魔法は、精霊に頼み、その力を貸して貰って現象を生み出すものだ。だからこそ、精霊の気分ひとつでその効果や威力にはブレが生じる。そんなもので、針の先ほどの穴を開け、過不足なく水を満たすなど。
それは、グレイが思っている以上に繊細で確かな精度が求められる魔法なはずだ。だが、グランデル王国の宰相は、平然とそれをこなしてしまった。
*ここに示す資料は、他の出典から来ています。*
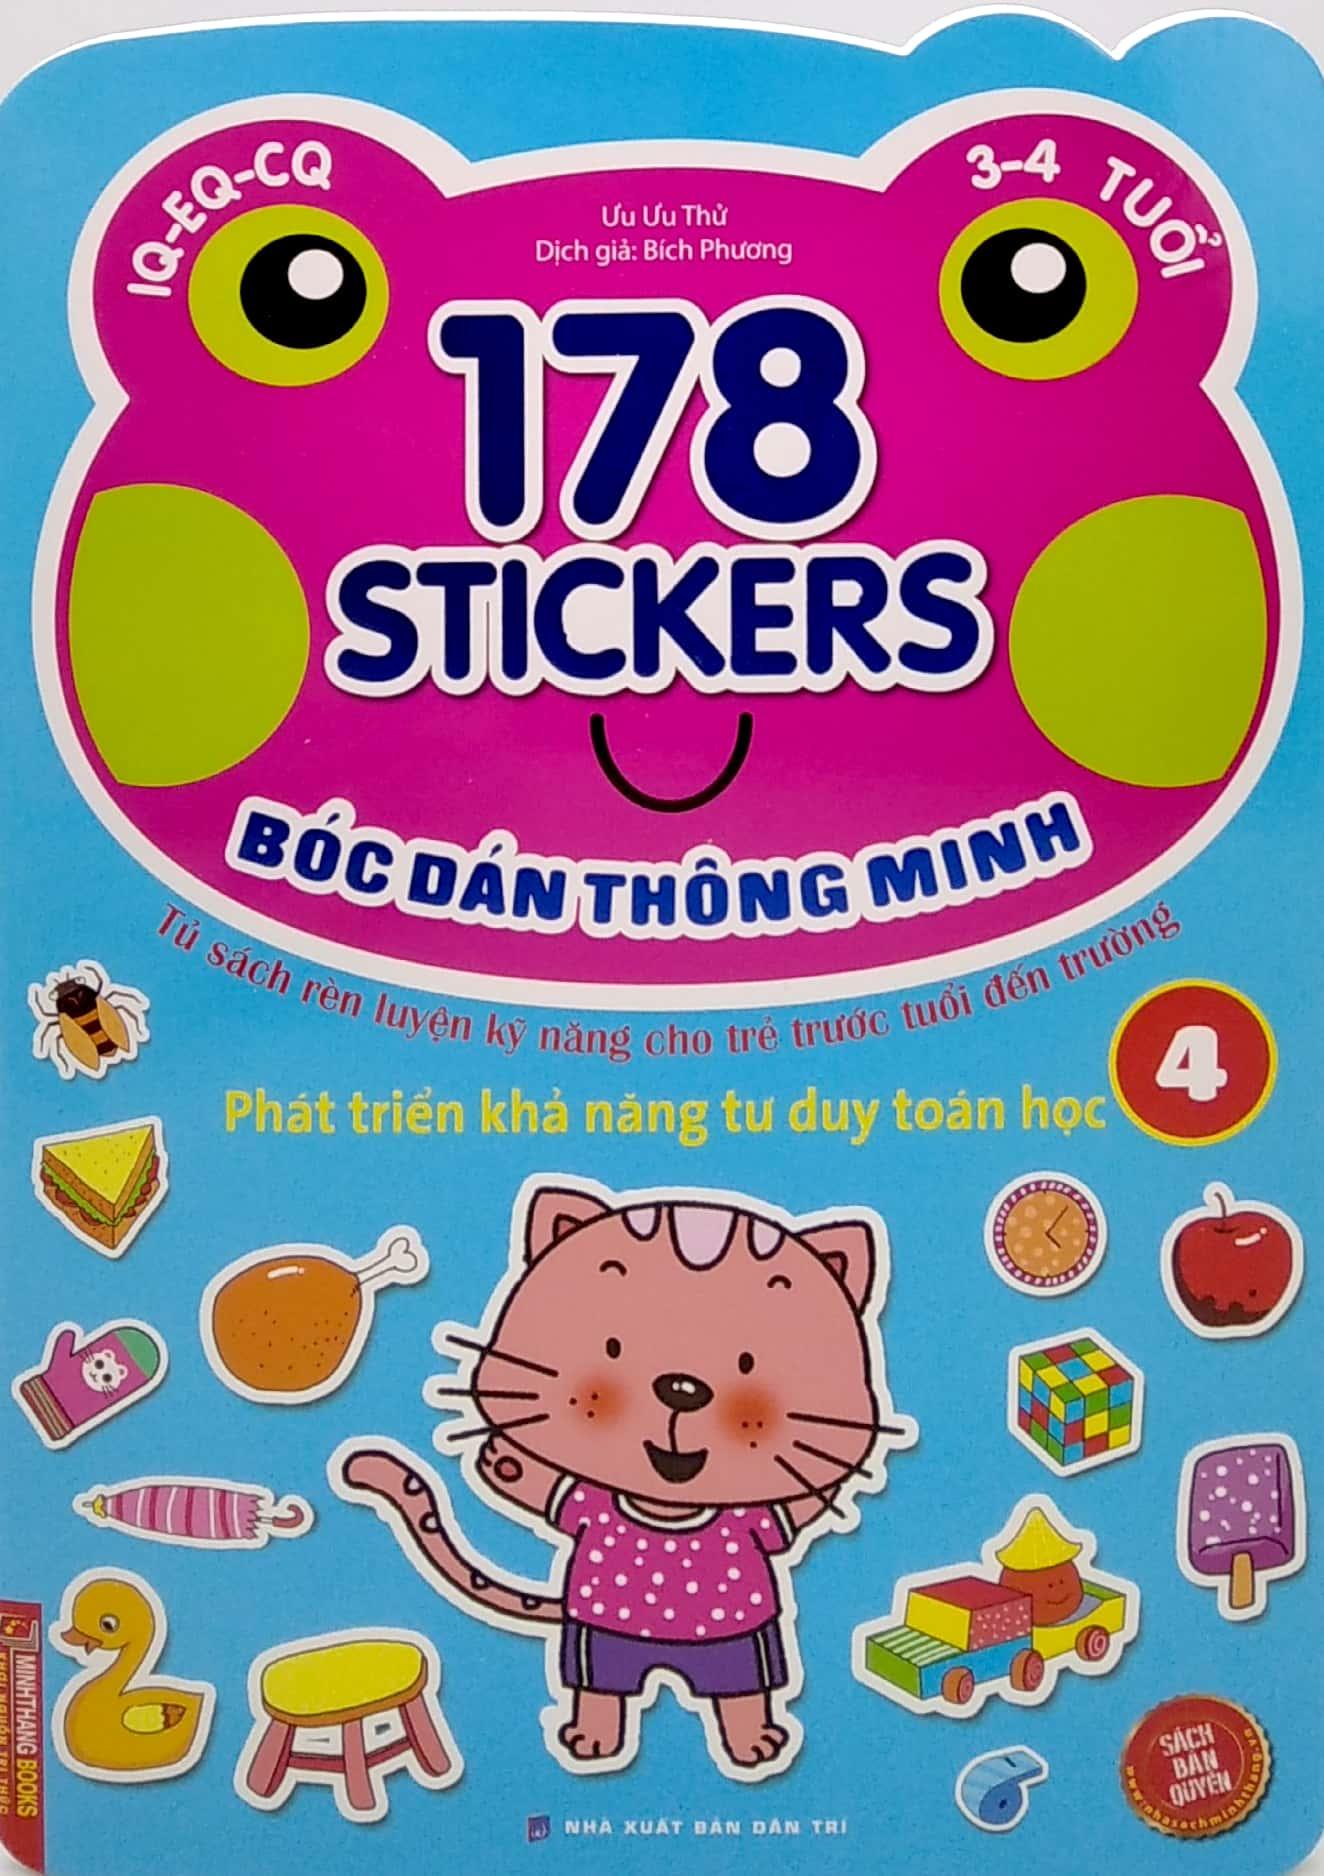 Hình ảnh 178 Stickers - Bóc Dán Thông Minh Phát Triển Khả Năng Tư Duy Toán Học (3 - 4 Tuổi) - Tập 4

「……判ってはいましたけど、なんというか、アナタ、心底腹立たしいですね」
「はぁ? 何がだよ」
「いーえ、別に」
そんなやり取りをしている間にも、レクシリアが空けた穴は徐々に広がっていく。少しじれったくなるくらいの速度だが、これくらい慎重にやらねば結界を張った相手に感づかれる可能性があるので、仕方がない。